Мочили ноги, шепча охранные слова и складывая ладони горстями. Осмелев, Пень забрел по колени в воду. И, под визг Крючка, стоявшей по щиколотку в прибое, Ловкий и Хаидэ опрокинули здоровяка. Пень барахтался, нахлебавшись соленой воды. А потом, огромной ящерицей подобравшись, ухватил за ногу Крючка, утащил поглубже.
Долго плескались на мелководье. Плавать никто не умел. Да и чудовищ остерегались, поглядывали в сторону глубины. Потом, выбравшись на берег, валялись на песке, вольготно раскидав руки и ноги.

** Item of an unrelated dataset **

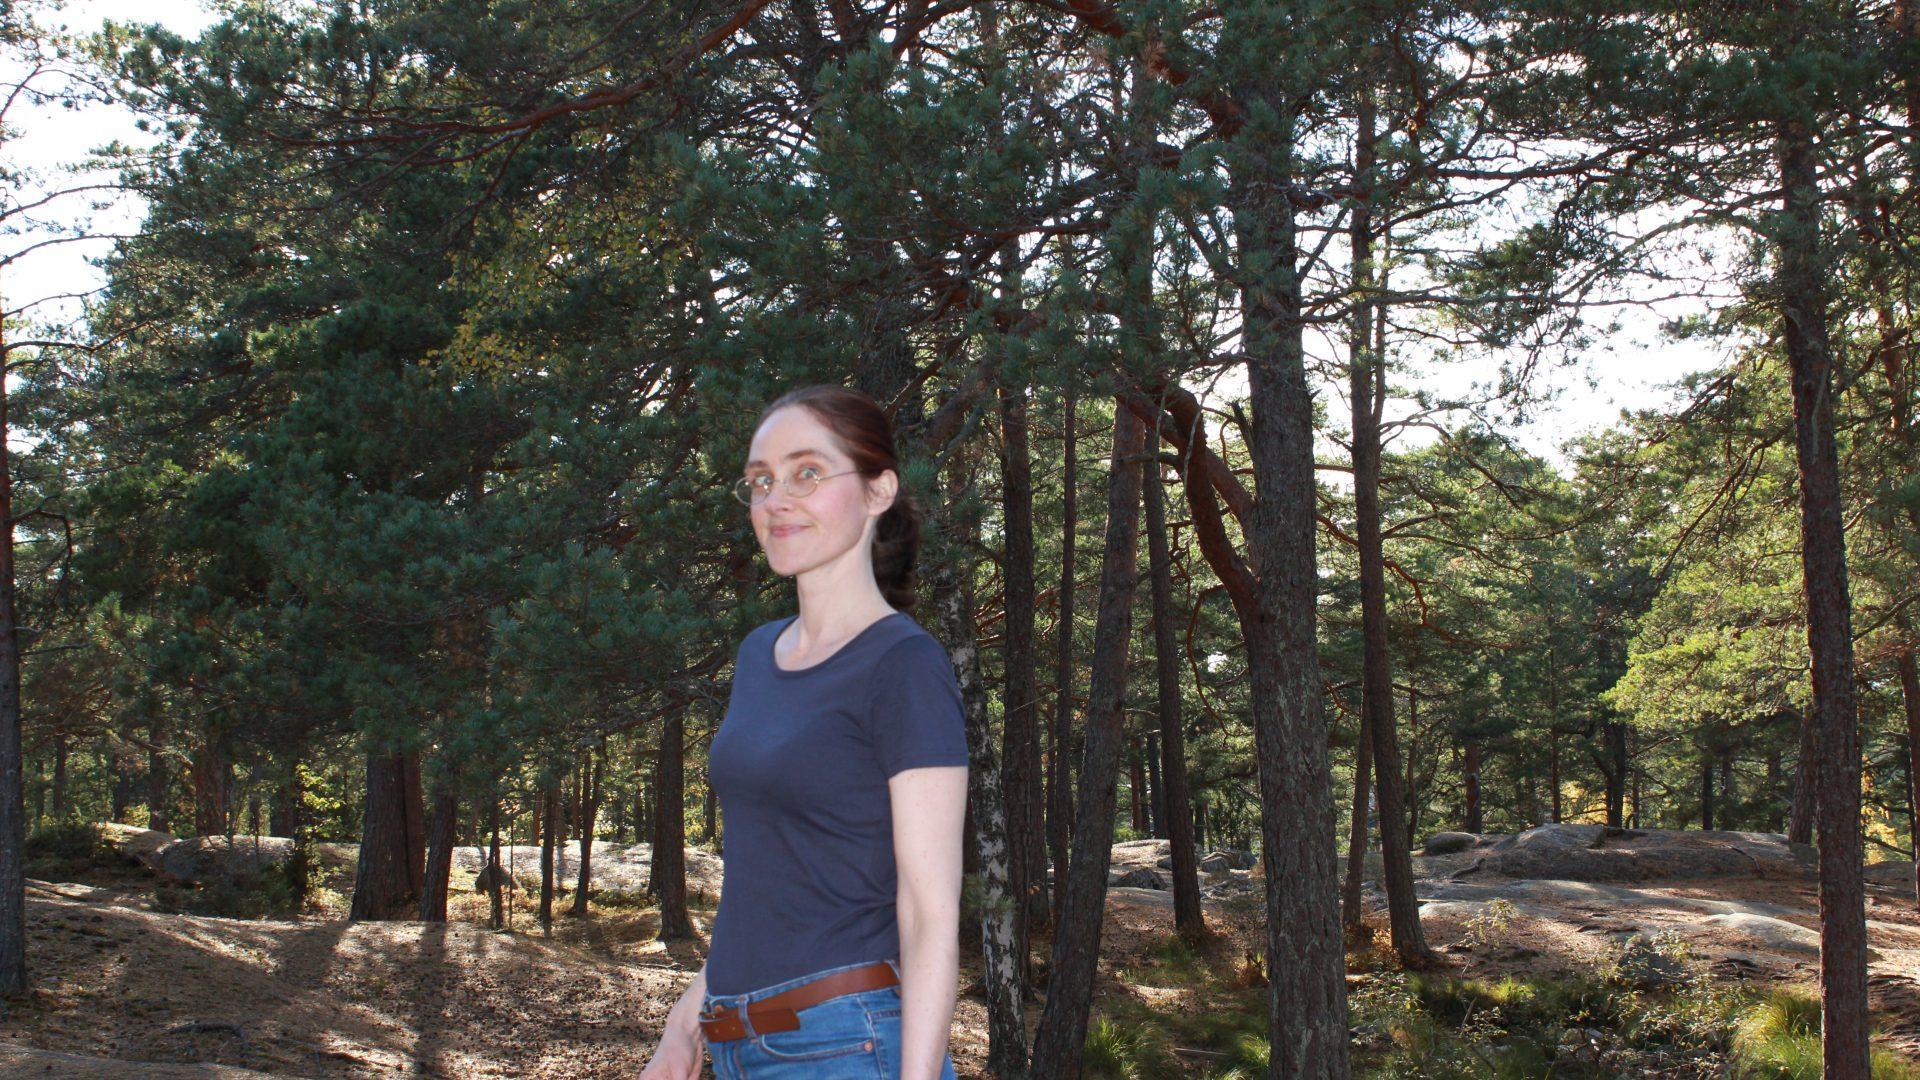 Clear-eyed Entrepreneur | Cecilia Elise Wallin

Пень вспомнил, наконец, о своем голоде. Ловкий, пришуривая и без того узкие глаза, велел девочкам набросить рубахи на плечи – чтоб не ожгло солнцем. Пень и Крючок остались разводить костер. А Хаидэ с Ловким, бродя в воде у скалы, наковыряли ножами ракушек. Складывали в шапку Ловкого, уносили и высыпали на песок глянцево-черной кучей. Потом, сидя на корточках, раскладывали раковины на плоских камнях наспех сложенного очага. Ждали, когда раскроются створки. Отворачивая от невидимого жара лица, подцепляли веточками между створок – Хаидэ научила – и, обжигая пальцы, доставали тугие желтые комочки. Ели, блаженно жмурясь, хрустя песком на зубах.

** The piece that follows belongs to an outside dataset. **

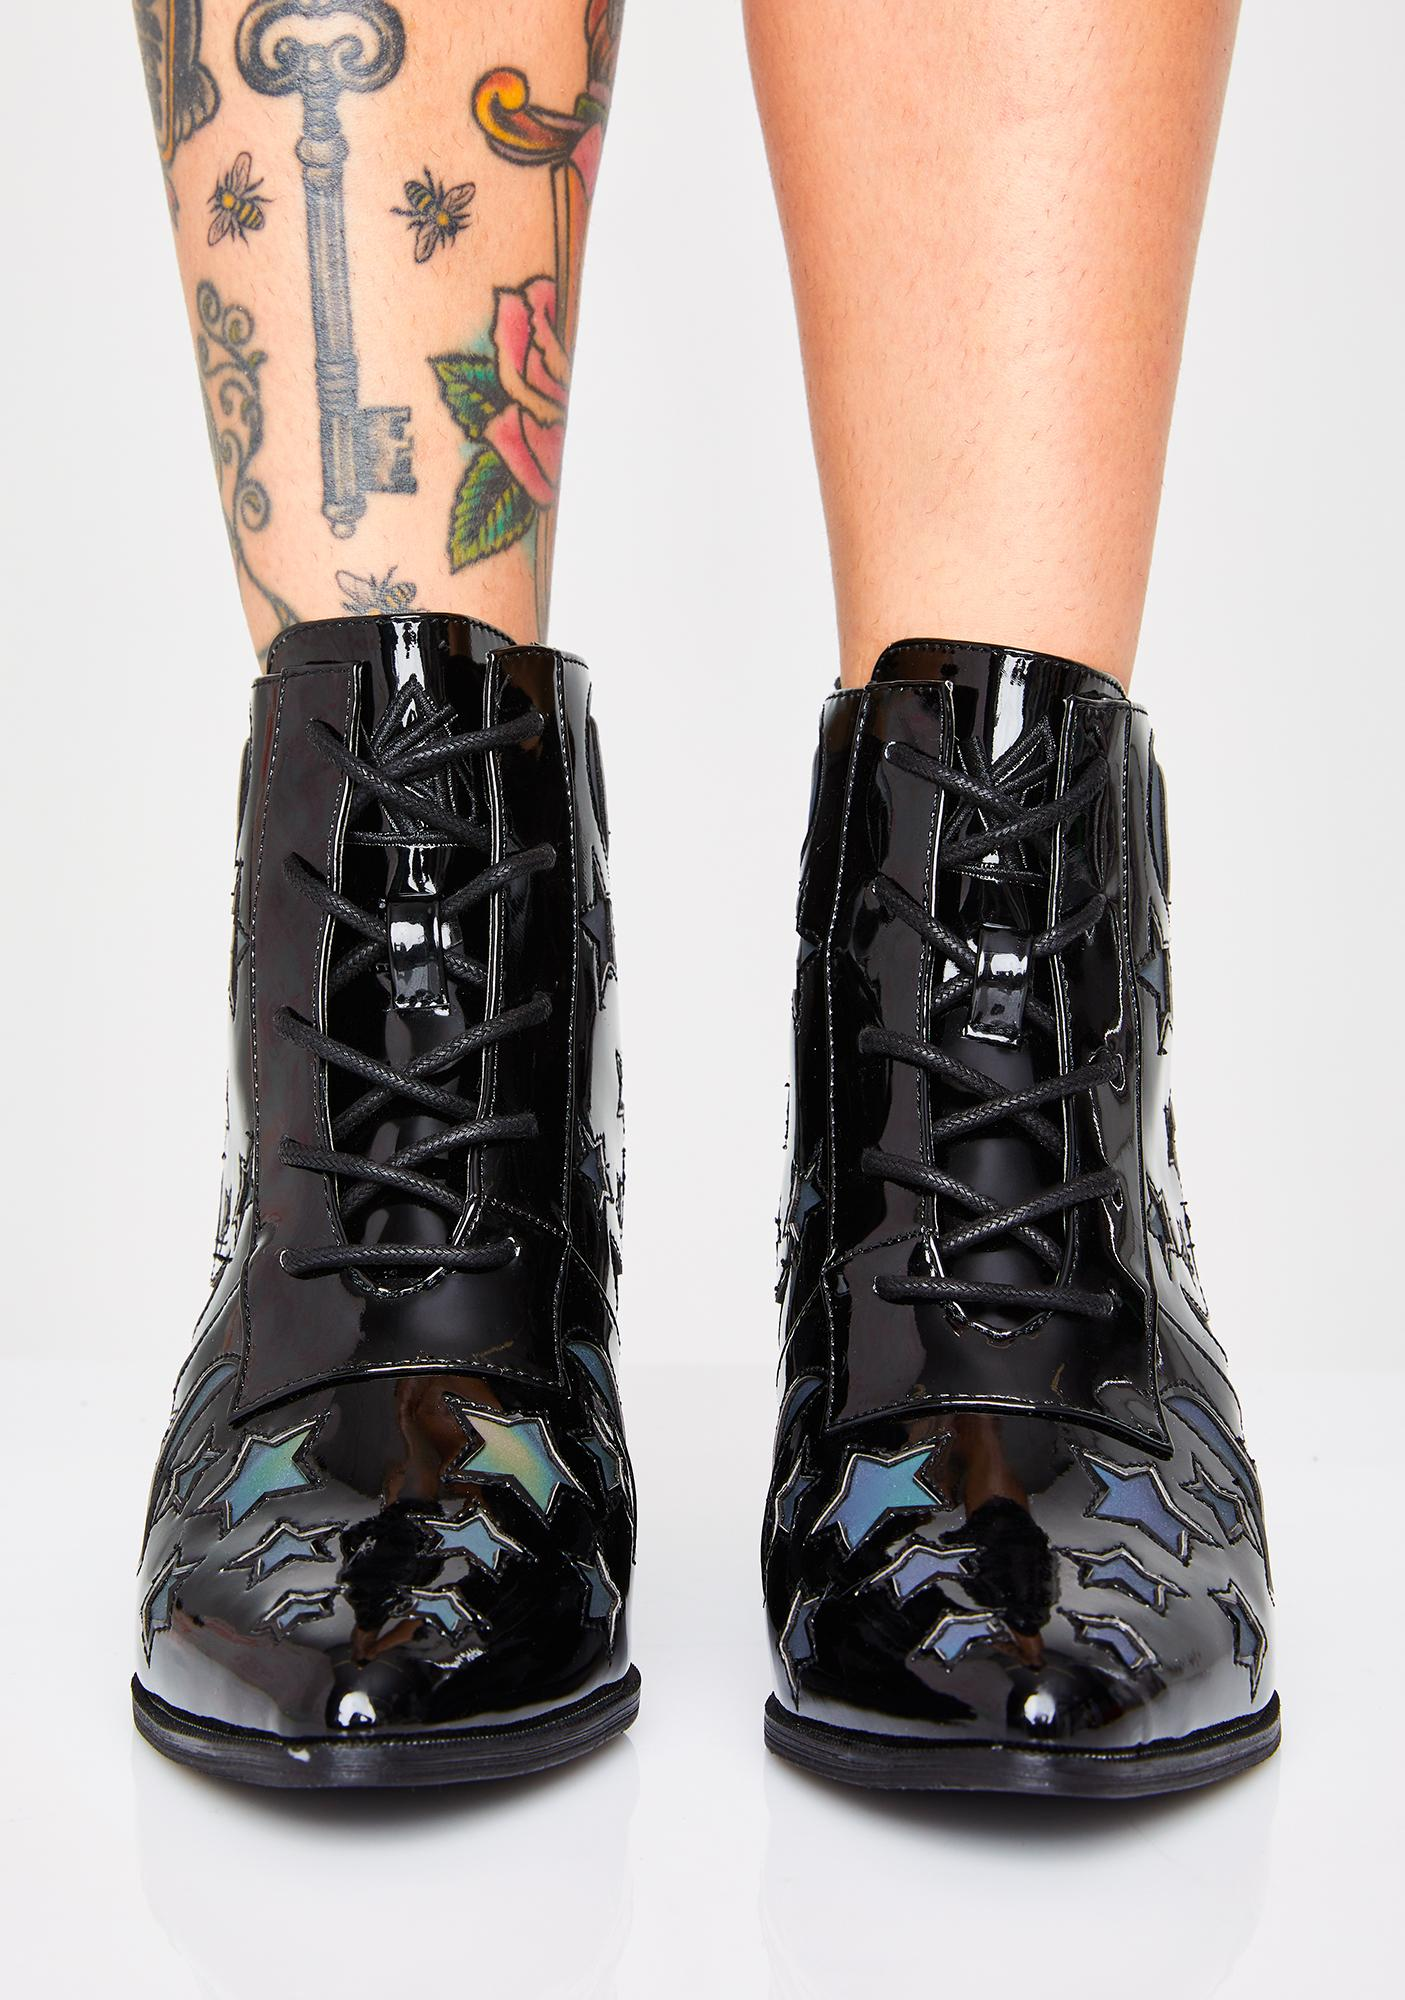 Y.R.U. Aura Reflective Boots

Наелся даже Пень. А Крючок, удивленно взвизгнув, выплюнула на ладошку и показала всем – жемчужина! Размером с треть ноготка ее мизинца. Неровная, светло-серая. Не такая, как в низках речного жемчуга, что дарили юноши племени своим любам, выменивая у речных племен на молоко и вяленое мясо. Но – сама нашла!
Пришлось набрать ракушек еще. Крючку везло больше всех. И ребята, переглянувшись, высыпали в худые руки и свои находки.

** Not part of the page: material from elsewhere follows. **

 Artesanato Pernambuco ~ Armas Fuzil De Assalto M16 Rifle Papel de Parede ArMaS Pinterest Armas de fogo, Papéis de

– Ой, – сказала девочка растерянно, глядя на переливающуюся горку в ладошках, – серьги будут! Длинные!
Ловкий коснулся запачканного сажей локтя Хаидэ. И сказал в придвинутое ухо, шевеля губами светлые пряди:
– Я тебе тоже там сделал. В волосах носить. Вечером отдам.
Хаидэ искоса глянула на темную бровь в соленой морской испарине, нос с кривой горбинкой – упал с лошади, давно уж, на приподнятую скулу. Кивнула, улыбнувшись.
Отдохнув от еды, купались еще. Обсохли и долго валялись на горячем песке, лениво переползая за уходящей тенью нависающей над песком скалы. Прячась в тени, выставляли на солнце то руки, то ноги, то покрасневшие крепкие задницы.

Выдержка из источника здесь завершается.